These social relationships are the manifestations of the internal struggles that exist within us. The relationships between rulers and slaves, kings and subjects and even presidents and citizens do not exist in reality. They are mental constructs, which allow some people to harm and take advantage of others in the open while maintaining moral superiority. This is far more dangerous than the relationship of a common criminal to his victims. When someone attacks from a position of authority, with moral justification, his crimes will go unpunished, and his power will be amplified as a result. This is why police brutality and government corruption have been a problem since before ancient Rome. The relationship of authority breeds and encourages corruption.
That being said, to achieve anarchy, or the abolition of masters and slaves, the solution is far more complicated than simply having a revolution and taking on the current establishment in physical combat, though some argue that this will be a part of the process. This has been attempted many times before and each time power has shifted hands, but the cycle of violence and slavery has continued.

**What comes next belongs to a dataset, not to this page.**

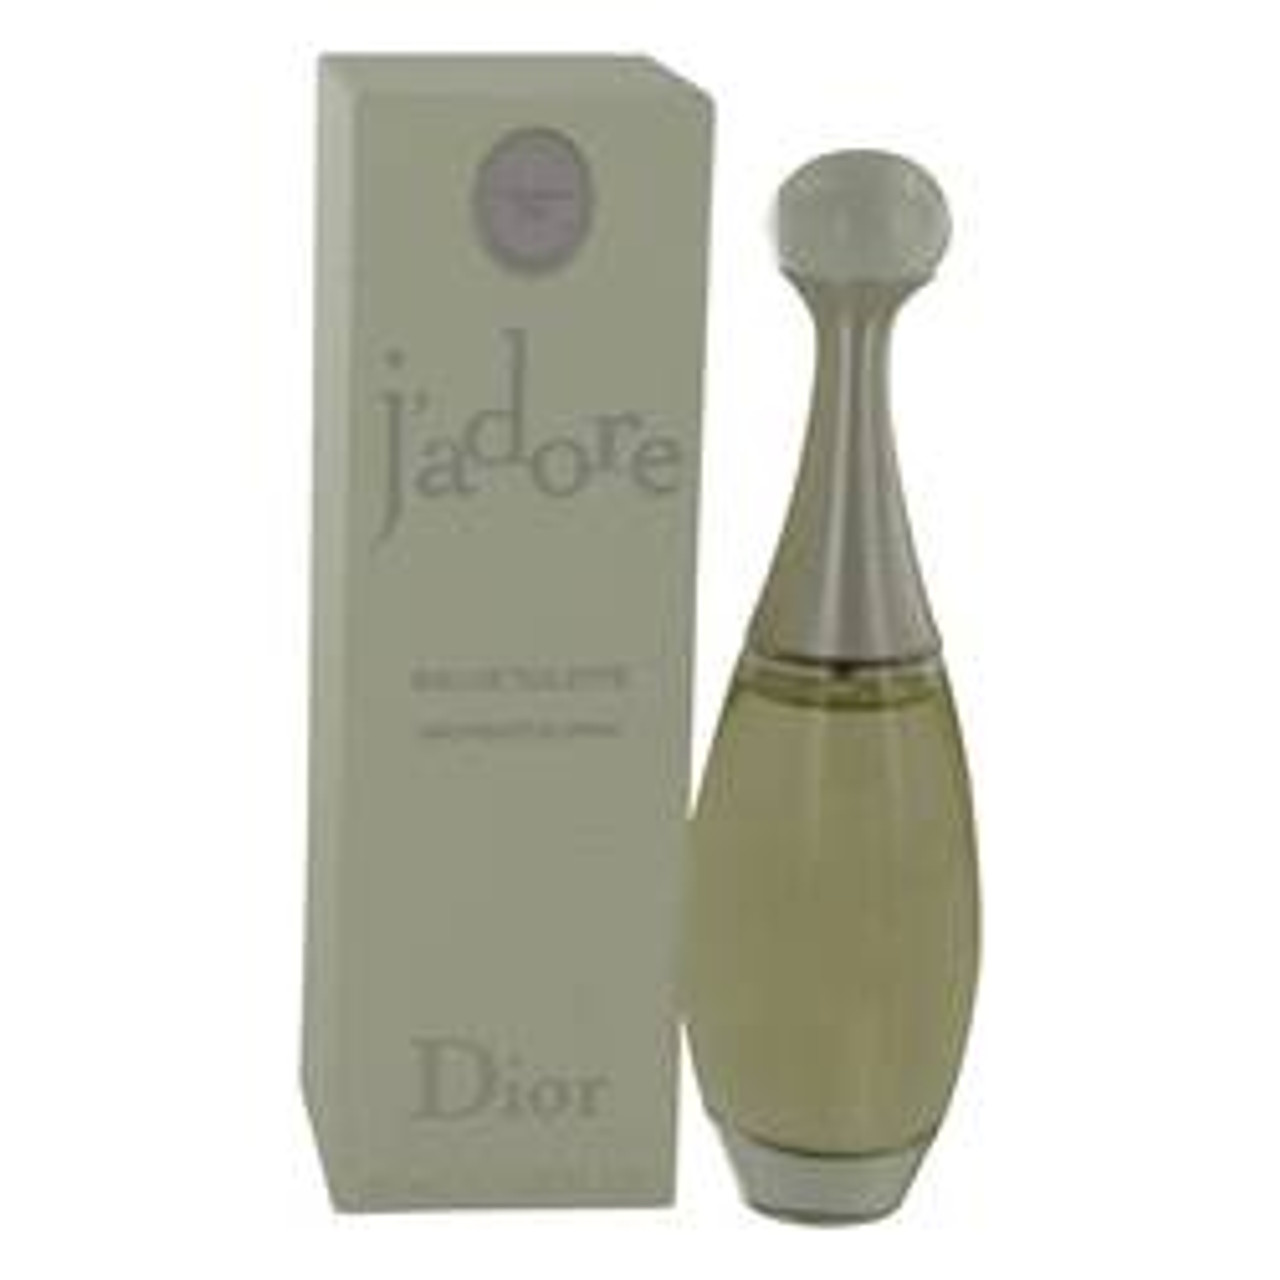 Jadore Perfume By Christian Dior Eau De Toilette Spray 1.7 oz for Women - *Pre-Order

This cycle has been in constant repetition throughout the generations. While power has shifted hands over time, very little has actually changed about how our species views the world, how we view one another, or how we view ourselves as individuals. This is not by mistake. Mountains of propaganda have been released over the centuries to reinforce the old ways and to keep people from thinking outside of the box.
Thankfully, there were a number of brave philosophers who recognized this dynamic and worked to construct a philosophy of antiauthoritarianism, which came to be known as “anarchism”. Later we will explore the anarchist themed writings of Lao-Tzu, from back in the 6th century. There are those who believe Christ was the first Anarchist. William Godwin, a writer in France during the 1790’s, is said to have been the first philosophical anarchist with his book Political Justice. The first person to publicly proclaim himself an Anarchist was Pierre-Joseph Proudhon, with the publication of his seminal work What is Property? in 1840.
Around that time in America, anarchism was taking roots in the abolition movement. Many abolitionists recognized that slavery and government were essentially the same thing and that slavery will exist in one form or another as long as government exists. One of the main pioneers in American anarchist thought was outspoken entrepreneur and abolitionist, Lysander Spooner. Unlike many other anarchist philosophers in Europe, Spooner’s breed of anarchism was strictly individualistic, with a strong emphasis on markets and property rights. Spooner was also very critical of collectivist ideas like democracy and constitutionalism, so his work was heavily focused on deconstructing these concepts and showing them as deceptive forms of oppression.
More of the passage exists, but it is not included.